I leave the horns on all my animals. I haven't seen a reason to remove them. I just got a Holstein steer processed and he had horns. He was around 18 months old didn't have a problem with them. All my goats keep their horns. I had some Nubians dehorned years ago and the never did act right afterwards they were burnt off. I have helped dehorn slot of dairy calves but never with paste but they were gonna be milk cows. I know others have different ideas I just haven't seen the need to dehorn


----------



## cjc (Dec 2, 2016)

@Green Acres Farm interesting I had not heard all of those facts. Our neighour has an electric disbudder but I don't want to buy one as this will likely be my only horned calf. Is he too old now for that? Now that his horns are already up a bit? I kept him away from the herd and his mother for 8 hours. He was not happy! But I needed to protect him and her and that was what was recommended on the packaging

@Simpleterrier I am leaning towards just leaving them on. He's not aggressive at all but I have heard Jersey steers can be pretty hard to handle. I did band him and I pat him a bit each day so hopefully he stays somewhat mellow.


----------



## Simpleterrier (Dec 2, 2016)

Jerseys are jerseys they are rotten and nosey. The meat can also be different than what ur used to


----------



## Green Acres Farm (Dec 2, 2016)

cjc said:


> @Green Acres Farm interesting I had not heard all of those facts. Our neighour has an electric disbudder but I don't want to buy one as this will likely be my only horned calf. Is he too old now for that? Now that his horns are already up a bit? I kept him away from the herd and his mother for 8 hours. He was not happy! But I needed to protect him and her and that was what was recommended on the packaging


I have no idea. I saw a video of calf disbudding, and there was a little stub. 
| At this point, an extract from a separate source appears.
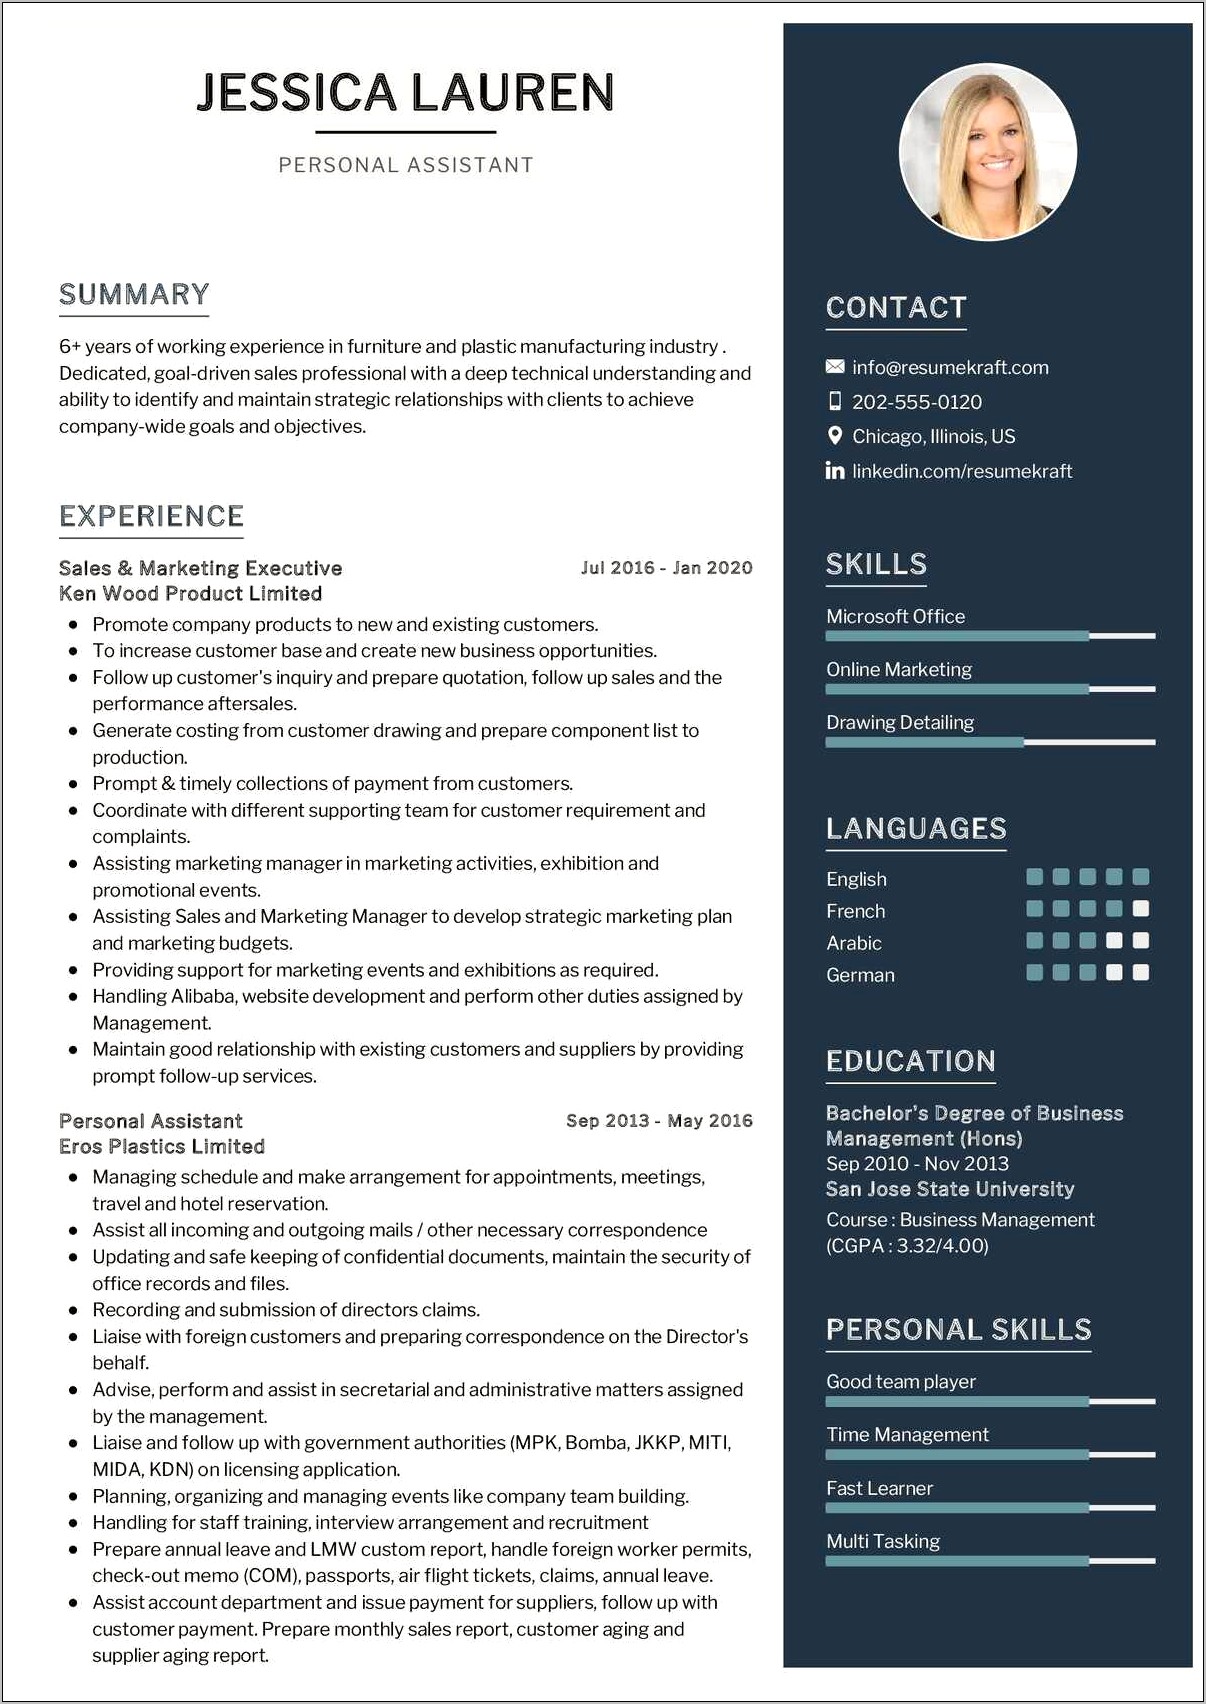 Personal Assistant Resume Job Highlights

Maybe @farmerjan would know if you posted pics?


----------



## farmerjan (Dec 3, 2016)

I am not a good one for dehorning.  I won't use the paste and don't have the electric disbudder.  I do have a retired vet friend that does my females. We put them in the chute, He gives them a novacaine type shot at the base of the horns.  Then an old trick that he does it to tie a baling string around the base real tight to help cut the blood flow then we do it the old fashioned way with the cutters when they are about 6-8 months.  Yes it is a little bloody.  They don't feel it though if the shots are right.  They basically just stand there with their head tied to the side to do one then switched to the other side to do the other. We leave the baling string tied tight for 24 hours or so, I put them back in the chute & then I take it off.  We pack the hole  with gauze.  It keeps the dirt/hay etc. out.  We only do this late in the fall after fly season, or early enough in the spring before it gets too warm, like march.  I have never had any problem with infections, flys/maggots or anything.  We also give them a penicillin shot as a preventative.  Had a bad experience with the paste so don't use it.  ALSO, ONLY do them when the sign is in the thighs or when the moon is in the last quarter going to the new moon.  Blood flow is less when it is waning.  Now I am breeding my jerseys to polled bulls AI so it is less of a concern.  I don't usually do the steers since they are for my own use or sale.  Did have a jersey/holstein cow that had horns and after about 3 years she started to use them on other cows so they got taken off.  It was a bit of an ordeal, but it sure changed her attitude. 
I think the electric disbudder has to be done when they are pretty small and soft but I don't have any experience with it.
Jersey steers are not any harder to handle than any other steers.  It's the bull s that can get mean but not all do.  I was raising 4-10 at a time and selling the meat (as halves) so have had quite a few.  Got tired of people backing out so don't raise as many to sell direct but usually have one or two if anyone wants one. Several of them were actually more pets than the heifers.  Don't get into any kind of head pushing/butting with them as they will get more aggressive.  It's natures way of them playing and asserting dominance.  If he doesn't seem to be pushing around with his head, leaving them is not a big deal.  If he gets to using them, they can always be taken off when he is bigger.  Since you tried the paste, they may not grow all that much past a certain point, but I can't say that for sure.  If you do breed the cow back AI just ask ahead for the AI tech to get a  polled jersey  bull.  There are several.  If you have a choice also ask for an A2A2 bull.  That type milk is supposed to be more digestible for humans, you can look it up on the internet and all the bull stud books with the available bulls now list the type milk they have the genetics for.


----------



## greybeard (Dec 3, 2016)

You can also band the the horns if they aren't too big, tho I have been reading more and more people are banding much older cattle that have substantial horn growth--you just need bigger bands for them and probably will have to use duct tape to hold the bands in place. 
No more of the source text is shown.